I know I’m not alone in the struggle. I’ve seen fellow commuters compulsively unlock their phone’s home screens, only to do nothing in particular. I once sat behind a student in a lecture hall who alt-tabbed through computer windows at an illegible rate for majority of the ninety-minute lecture. Conditioned by constant stimulation, we’ve lost sight of what to do with ourselves without holding a piece of technology in our hands.

As a designer, this is disconcerting. Translating the old adage “you are what you eat,” designers are the product of what we see and do. By subjecting ourselves to a constant stream of visual and verbal information, are we leaving enough time for ourselves to take it all in?

Seasoned designers are no stranger to this concern, as made evident by a common thread woven through two essays published on Design Observer. In their respective essays “In Praise of Slow Design” and “In Praise of Boredom,” Michael Bierut and Adrian Shaughnessy each allude to the necessity of slowing down as a remedy for the hyper-stimulation designers face today.
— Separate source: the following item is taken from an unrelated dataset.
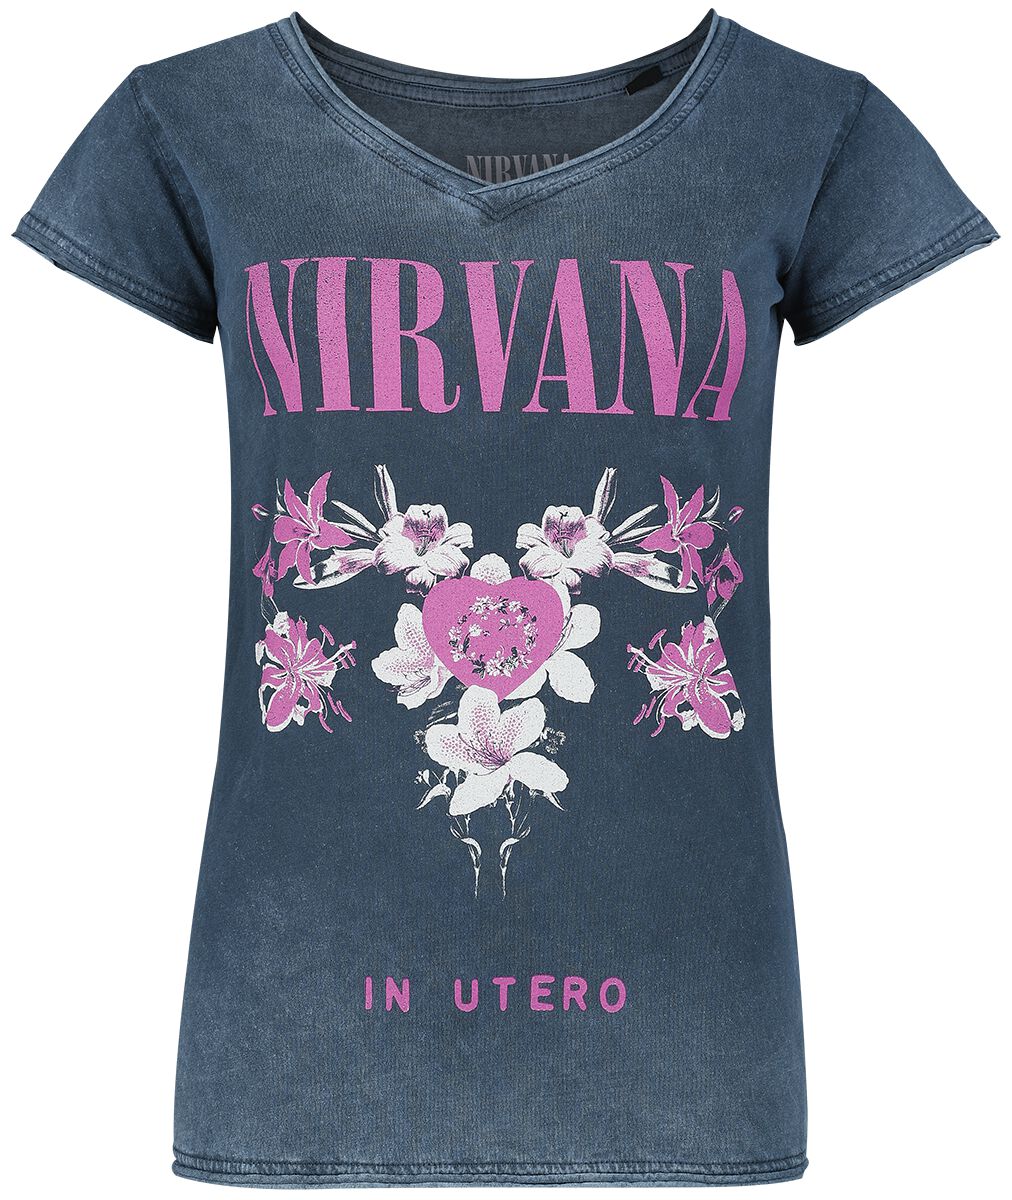 T-Shirt Manches courtes de Nirvana - Flowers - S à XXL - pour Femme - marine
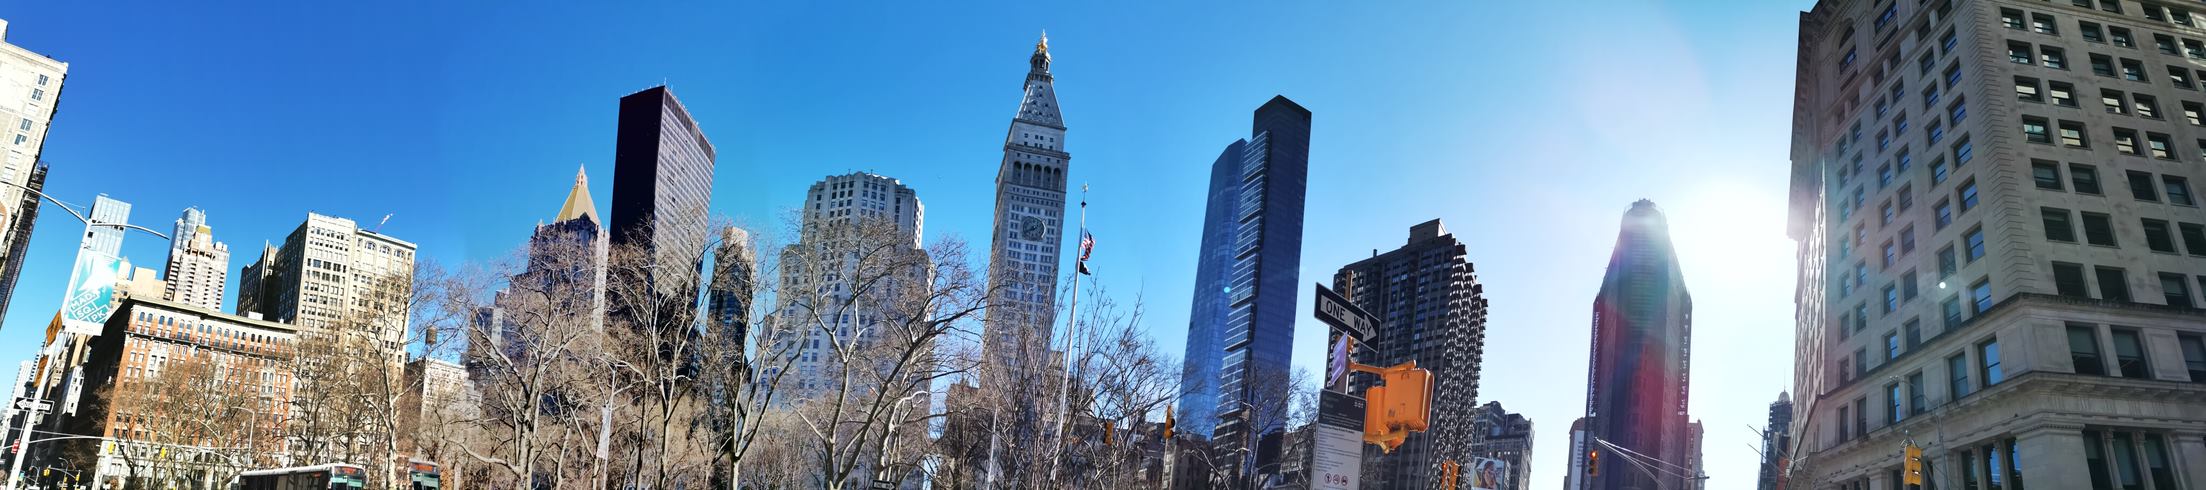 Hochhäuser vor blauem Himmel in New York City

Slow design, according to Bierut’s account of The New Yorker, embodies “thoughtfulness, deliberation, and—how else to put it?—tender loving care.” Reviewing the archive The Complete New Yorker released in 2005, Bierut relays how the enduring design of The New Yorker makes a strong case for design that is “unbelievably, wonderfully, perfectly, exquisitely boring.” First published in 1925, The New Yorker has long been an esteemed venue for reportage and serious literature. Since then, its design has evolved slowly and subtly. When it does change, it does so grudgingly and with surgical precision—which Bierut notes is remarkably nonconformist for a field addicted to ceaseless reinvention.” Today, when change is not just anticipated, but expected, the unchanging is the most refreshing.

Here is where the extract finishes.